Exercise goal
Would you reproduce exactly the lines below from the one holding "テレサ・テン - 恋人たちの神話" through the one holding "Embed Signage logo", inclusive, and no others?
BEGIN Dataset content
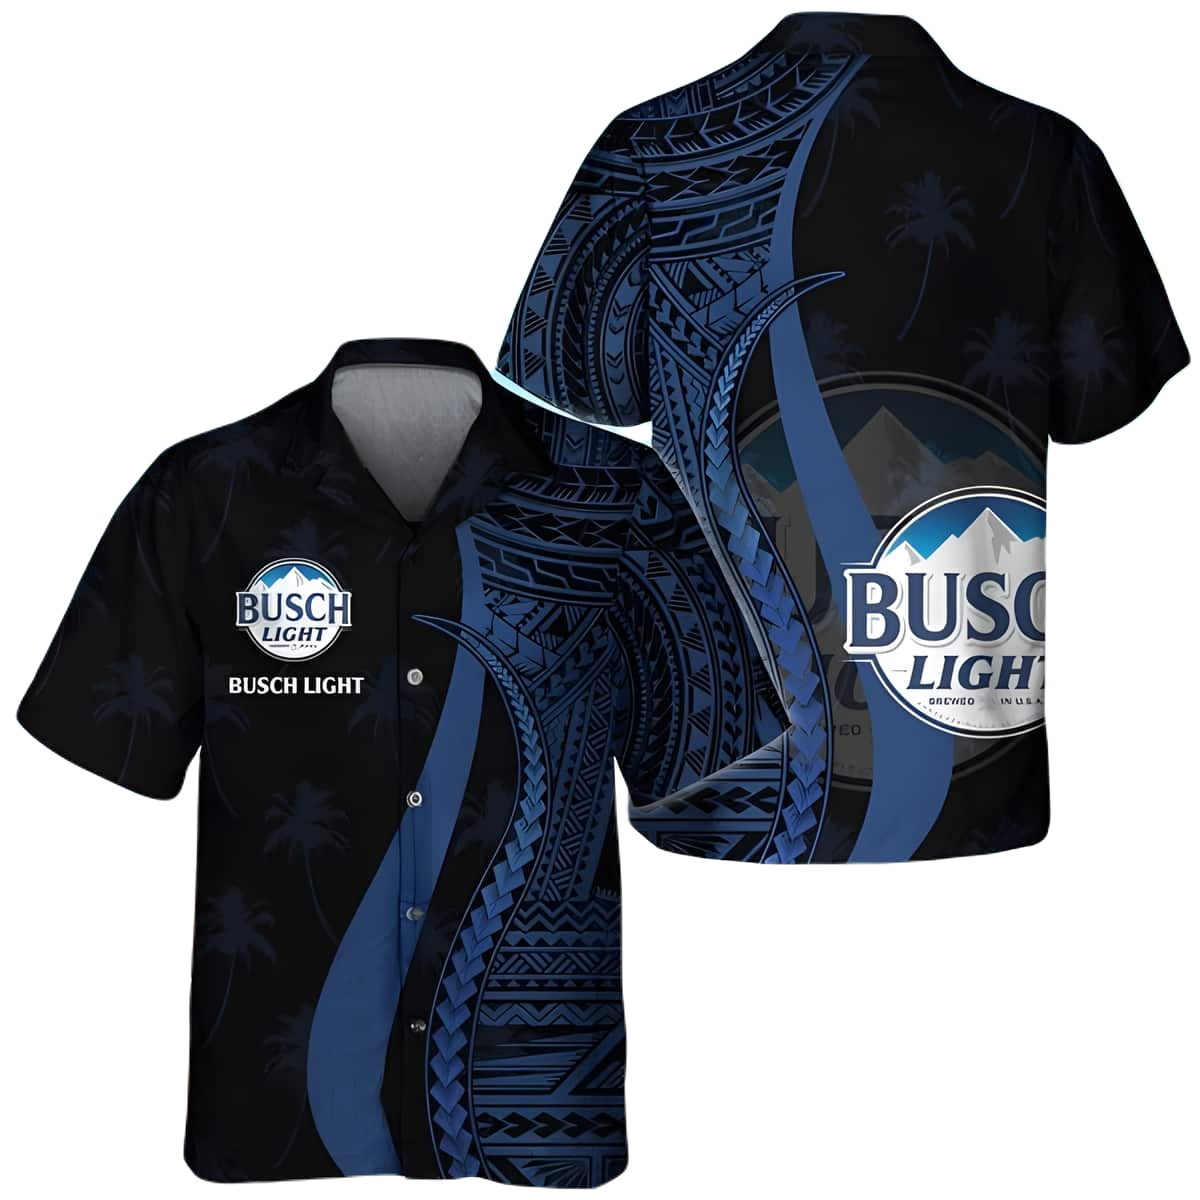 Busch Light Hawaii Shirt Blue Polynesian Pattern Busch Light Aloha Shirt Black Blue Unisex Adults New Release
END Dataset content
BEGIN Dataset content
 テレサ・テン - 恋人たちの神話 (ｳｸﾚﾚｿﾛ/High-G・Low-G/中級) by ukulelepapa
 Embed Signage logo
END Dataset content
BEGIN Dataset content
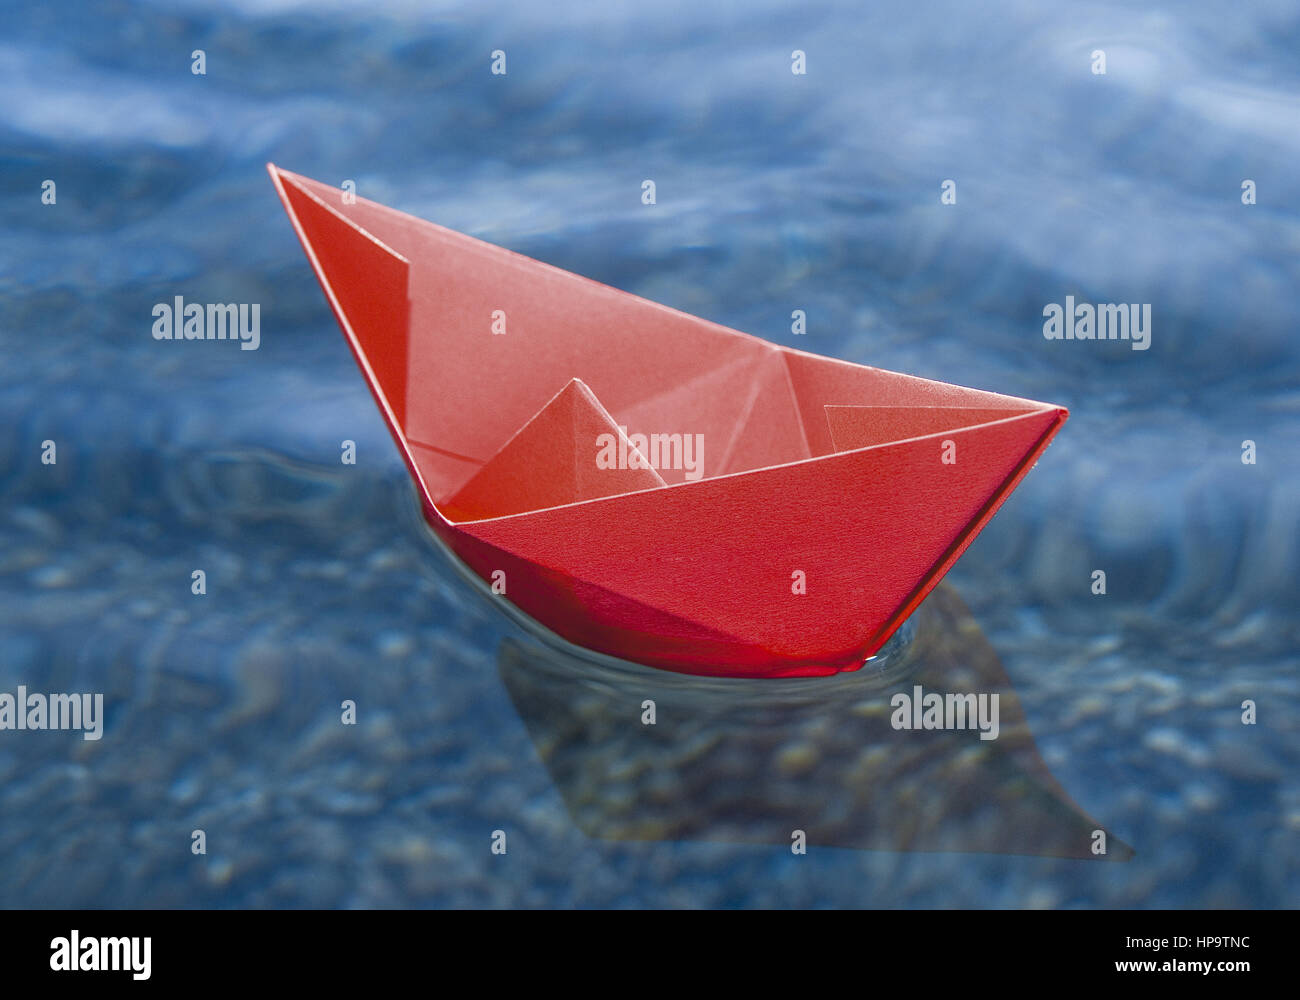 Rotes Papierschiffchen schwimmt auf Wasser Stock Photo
END Dataset content
Solution to this exercise
 テレサ・テン - 恋人たちの神話 (ｳｸﾚﾚｿﾛ/High-G・Low-G/中級) by ukulelepapa
 Embed Signage logo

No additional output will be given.